In a notice from the regulators that oversee OBSI — which includes the Canadian Securities Administrators (CSA), the Investment Industry Regulatory Organization of Canada (IIROC) and the Mutual Fund Dealers Association of Canada (MFDA), and is known as the Joint Regulators Committee (JRC) — published on Thursday, the regulators indicate that they have reviewed the refusals that have been published by OBSI so far, and that they will “continue to monitor compensation refusal cases and consider patterns and issues they raise.”
Firms are expected to participate in the OBSI process in “good faith”, the notes says, but the JRC doesn’t make any pledges to address the recent refusals.
The dispute resolution service doesn’t have the power to impose its compensation decisions on firms, and instead relies on moral suasion and the threat of “naming and shaming” firms that don’t agree to follow its decisions.

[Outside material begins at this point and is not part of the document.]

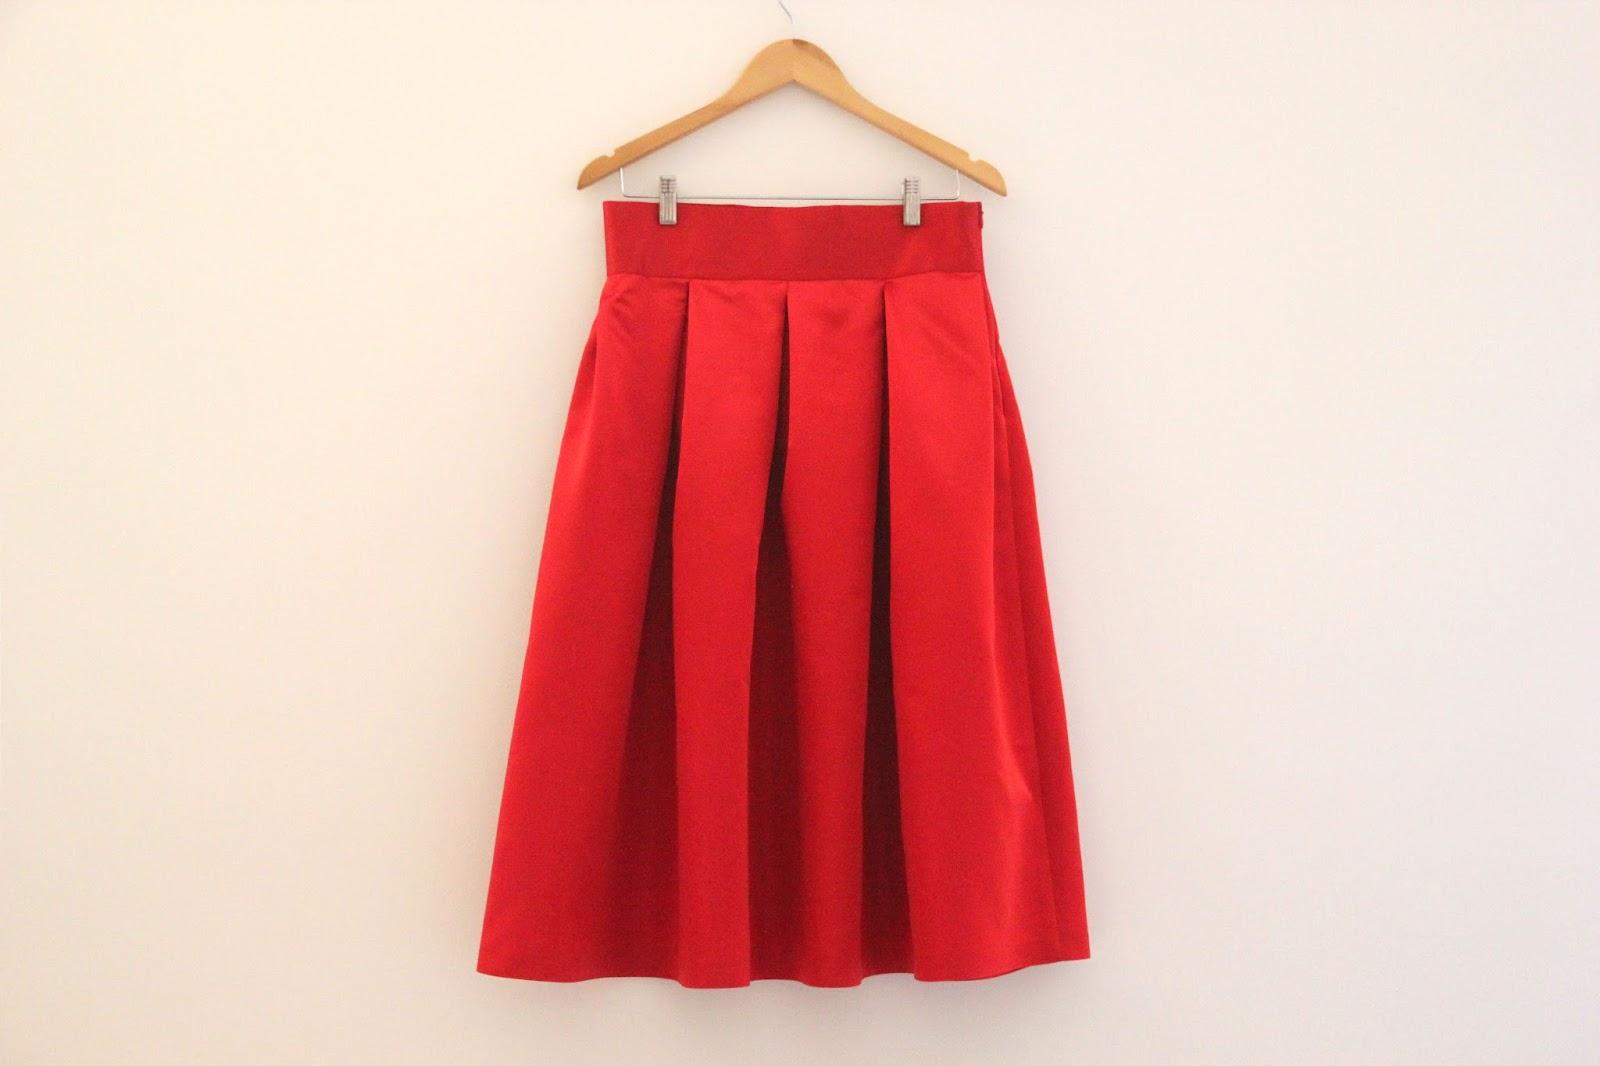 d7bf2b25752 diy tutoriales patrones falda midi valentino como hacer blog costura
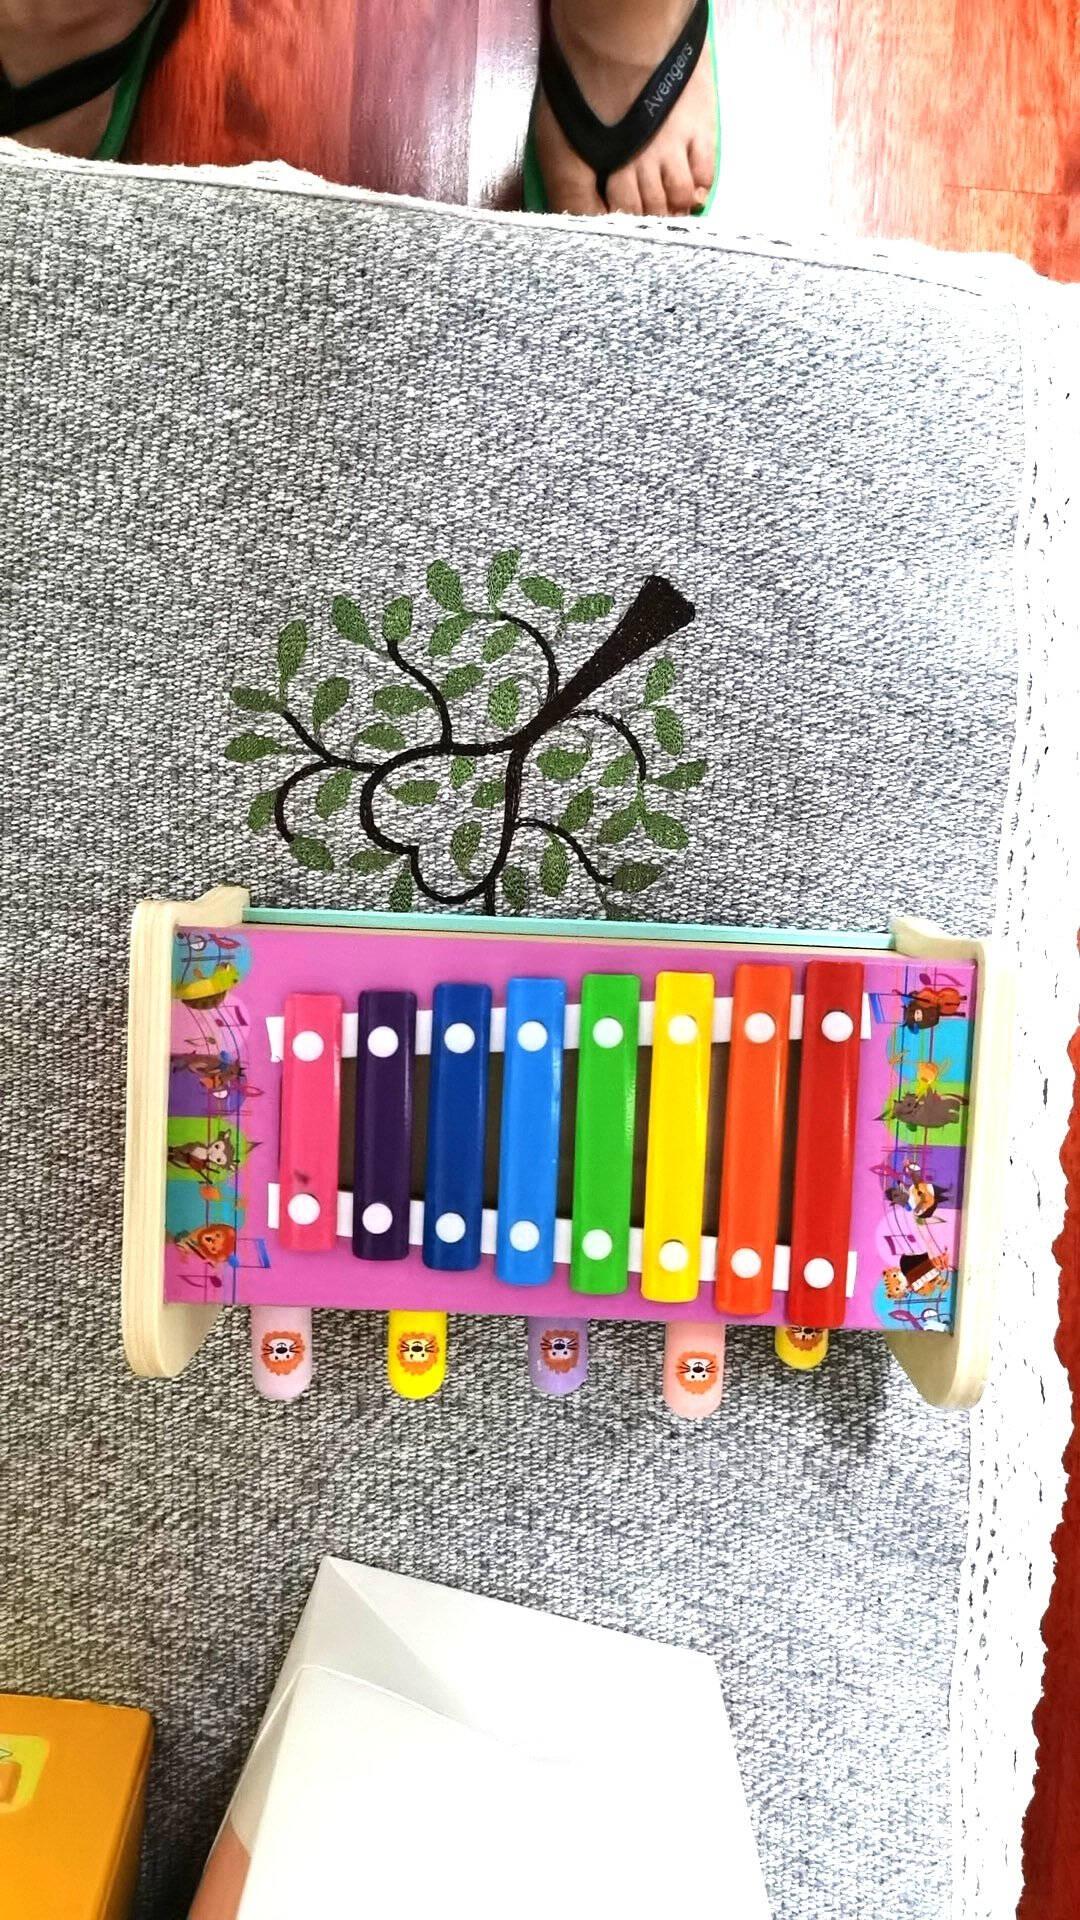 【五合一玩法】儿童玩具男女孩木制双锤打地鼠婴儿玩具一岁宝宝手敲琴音乐乐器钓鱼玩具打地鼠+钓鱼游戏+敲琴+旋转齿轮+抓虫子【五合一】

Historically, that hasn’t been an issue, but in recent years, firms have proven more willing to defy OBSI’s recommendations.
See: Opposition to OBSI
Additionally, the JRC has created a process for OBSI to report possible “systemic issues” to the regulators, since it no longer has the power to investigate these sorts of issues itself. They have beefed up the quarterly reporting from the ombudservice, allowing better monitoring of complaint trends.
OBSI is also currently undergoing an independent review of its handling of investment complaints, as required under its oversight arrangements with the regulators. The review is expected to produce a final report, including any reform recommendations, by mid-May.